:: What is needed ::
Of all the lines below, output only those starting at the one with "Újra nemzetközi erőverseny Dunaszerdahelyen" and ending at the one with "Becker & Partner Baugesellschaft mbH", both ends included, exactly as written.

*** Opening of Dataset ***

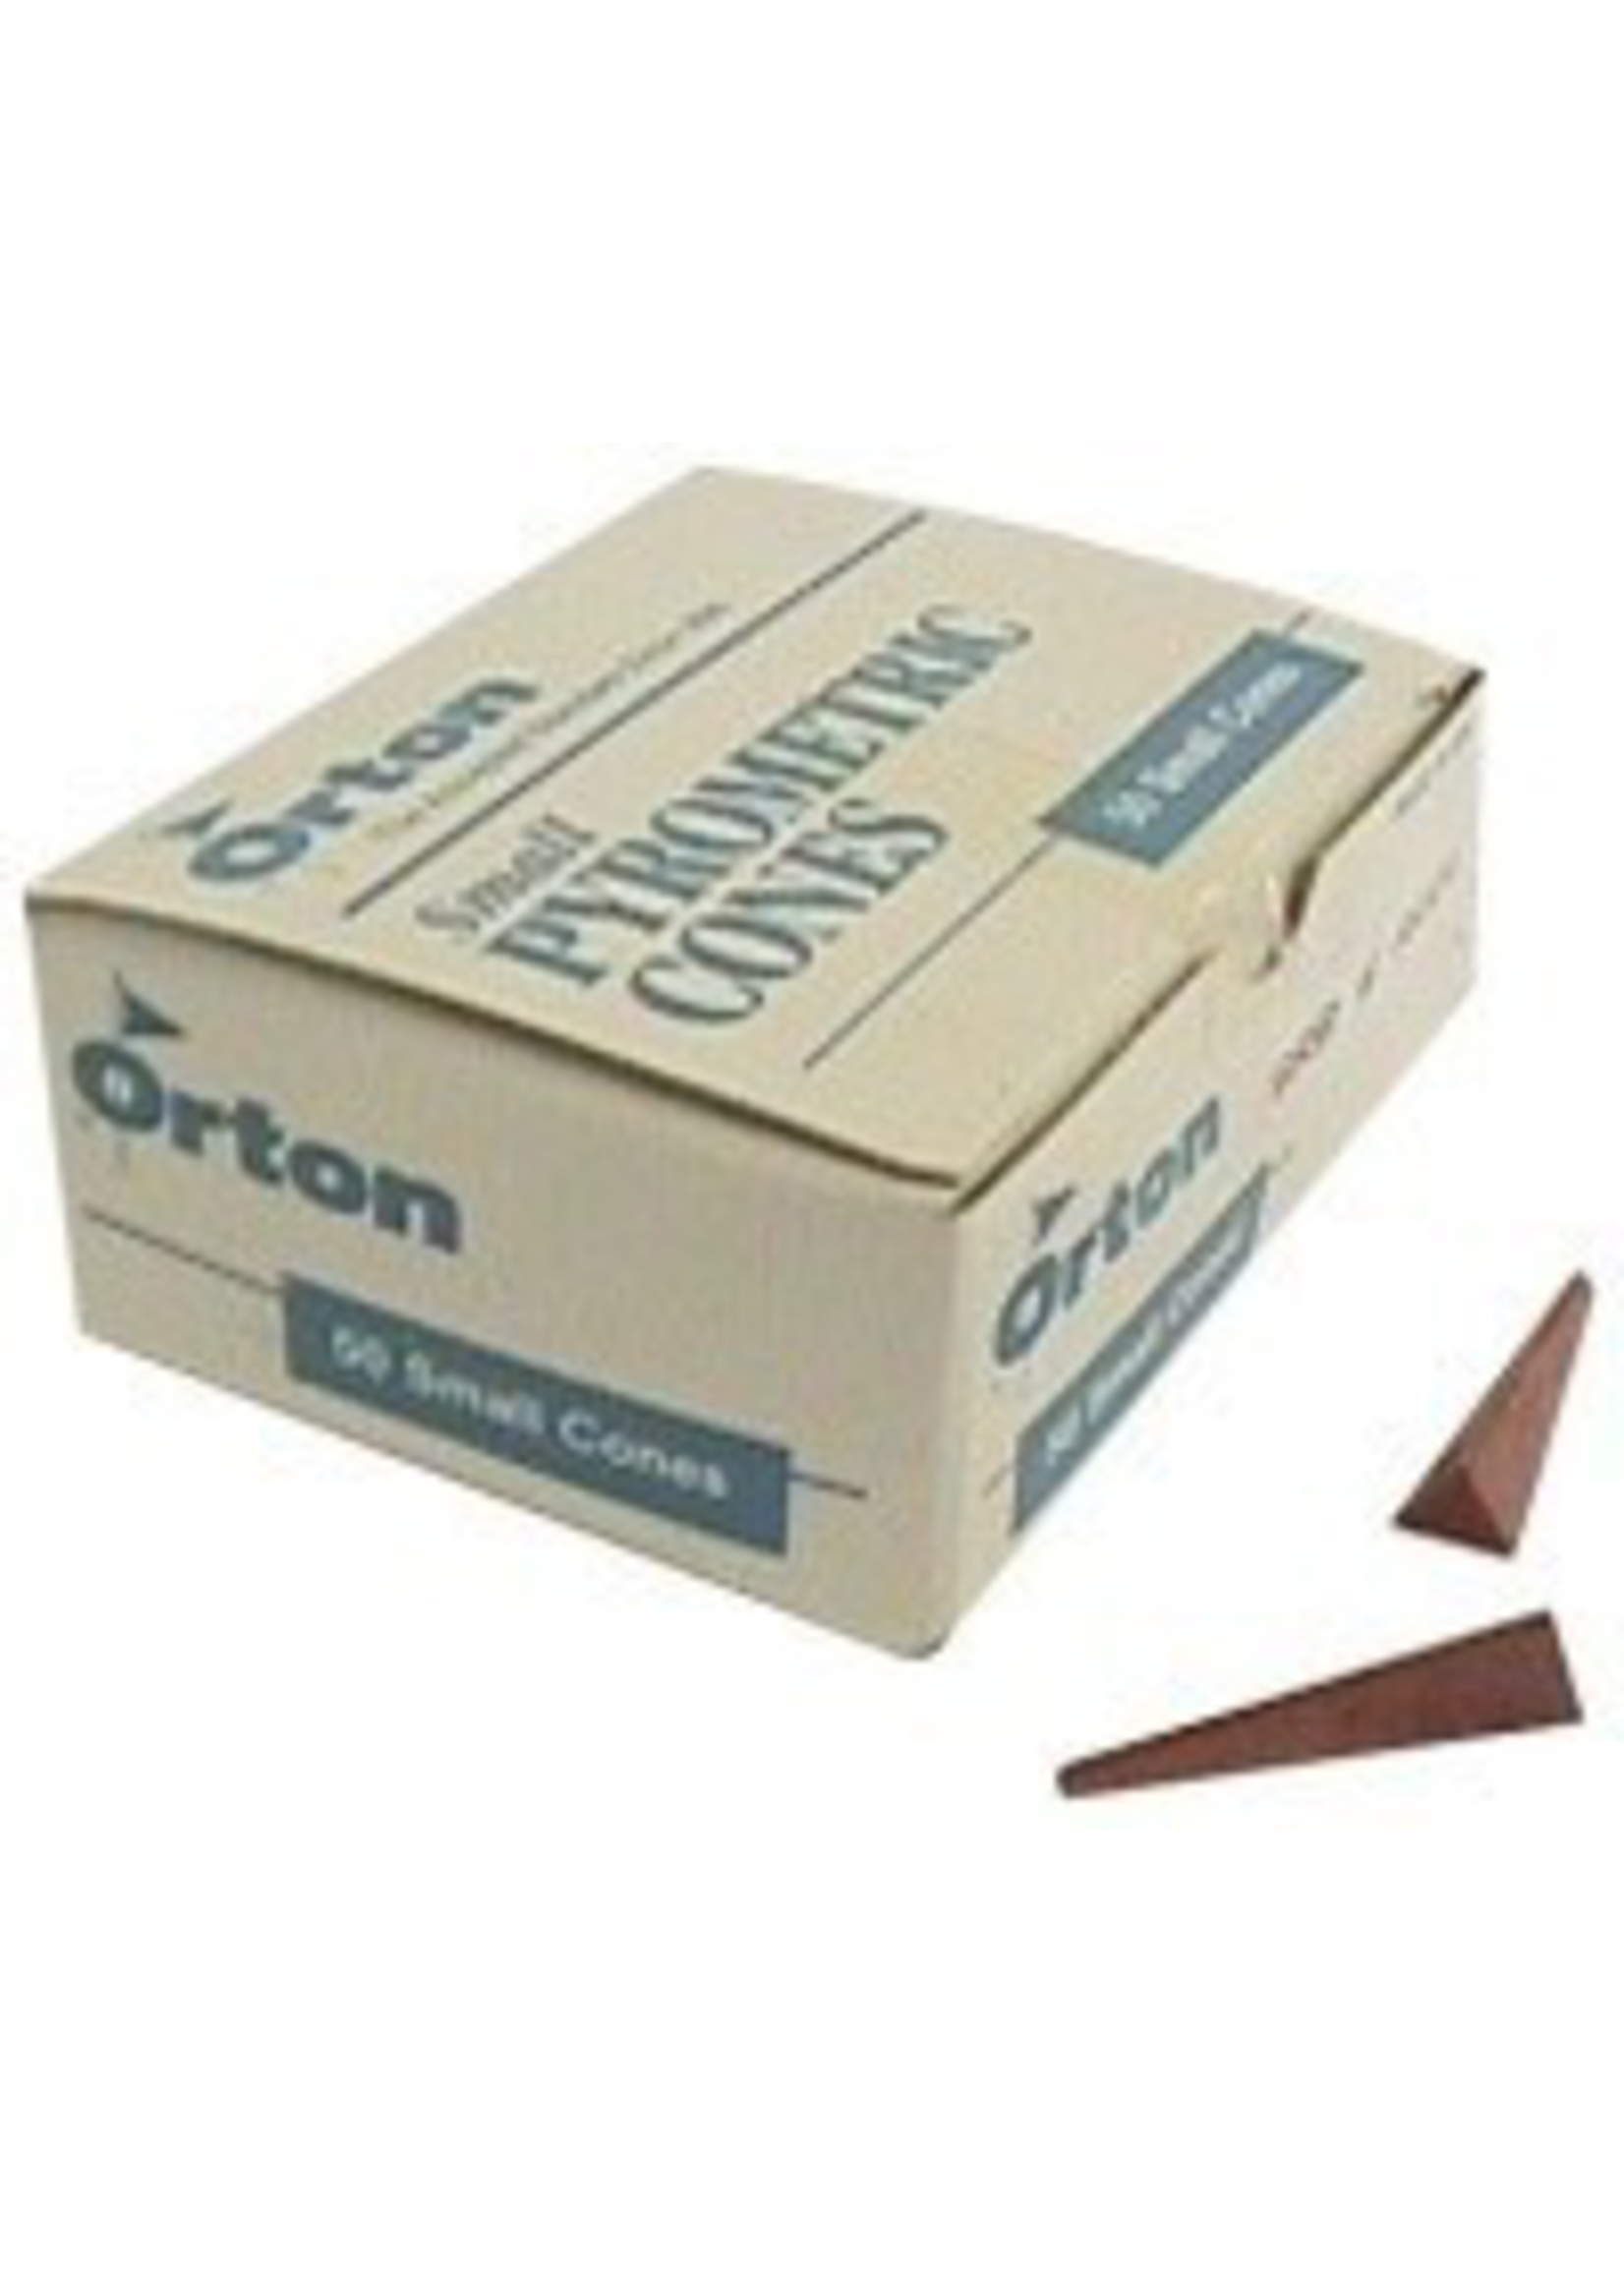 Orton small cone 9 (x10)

*** Close of Dataset ***
*** Opening of Dataset ***

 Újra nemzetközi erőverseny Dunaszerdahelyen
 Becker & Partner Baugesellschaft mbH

*** Close of Dataset ***
*** Opening of Dataset ***

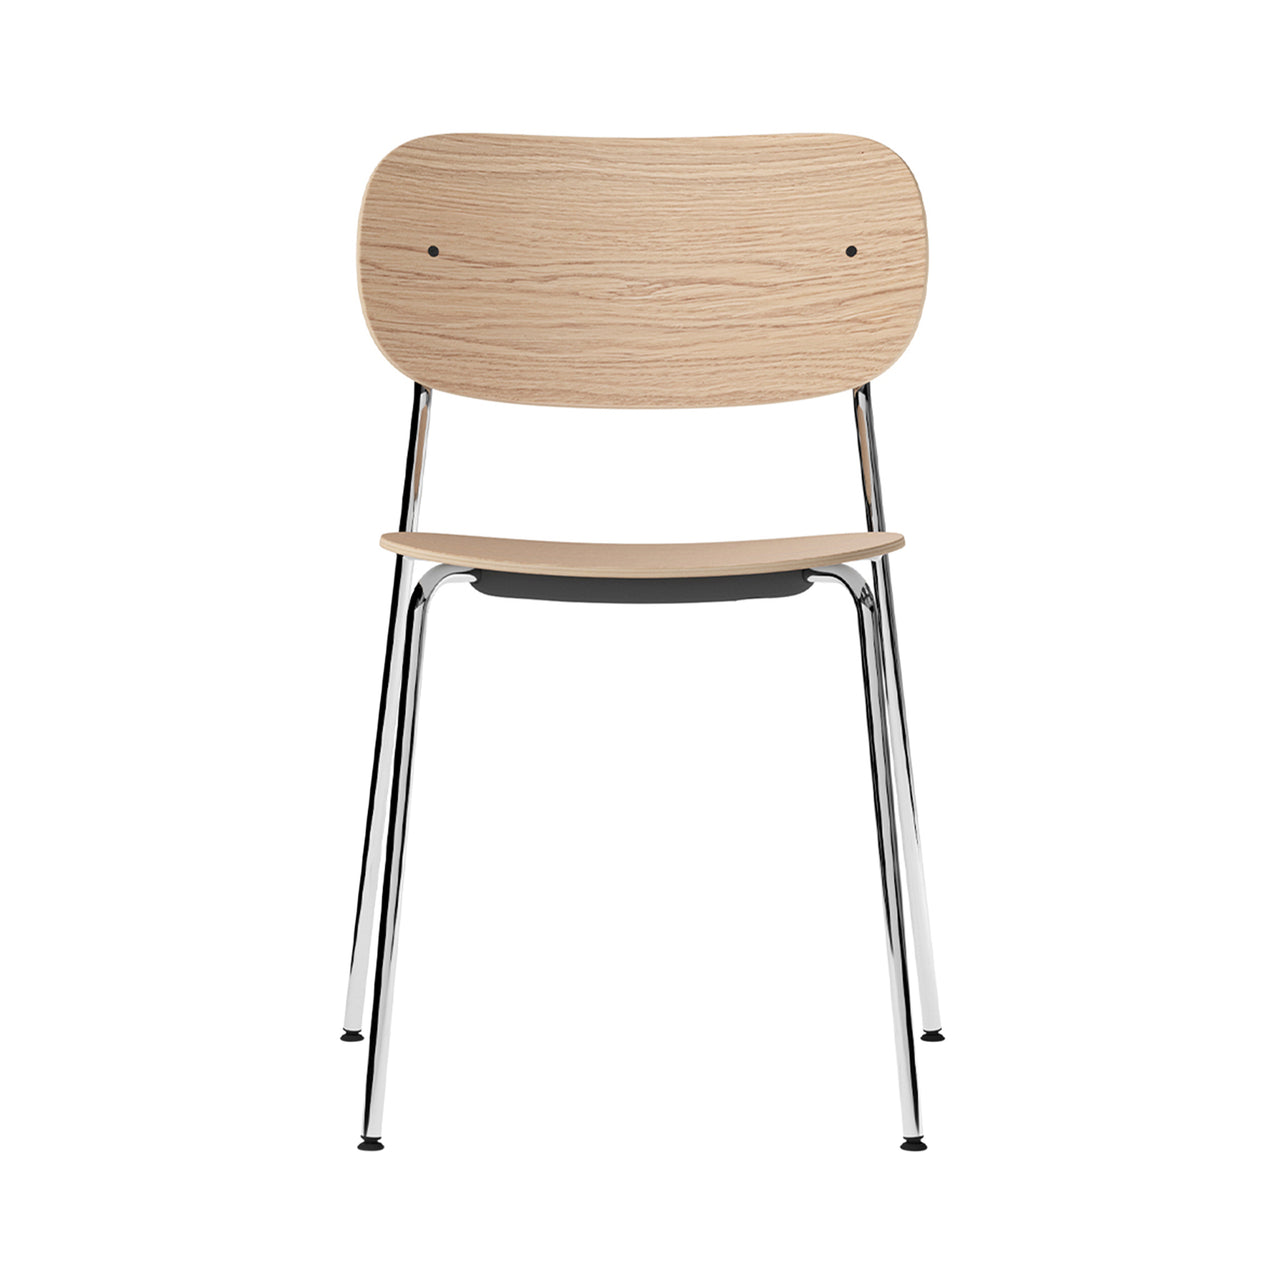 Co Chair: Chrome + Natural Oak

*** Close of Dataset ***

:: Output of the exercise ::
 Újra nemzetközi erőverseny Dunaszerdahelyen
 Becker & Partner Baugesellschaft mbH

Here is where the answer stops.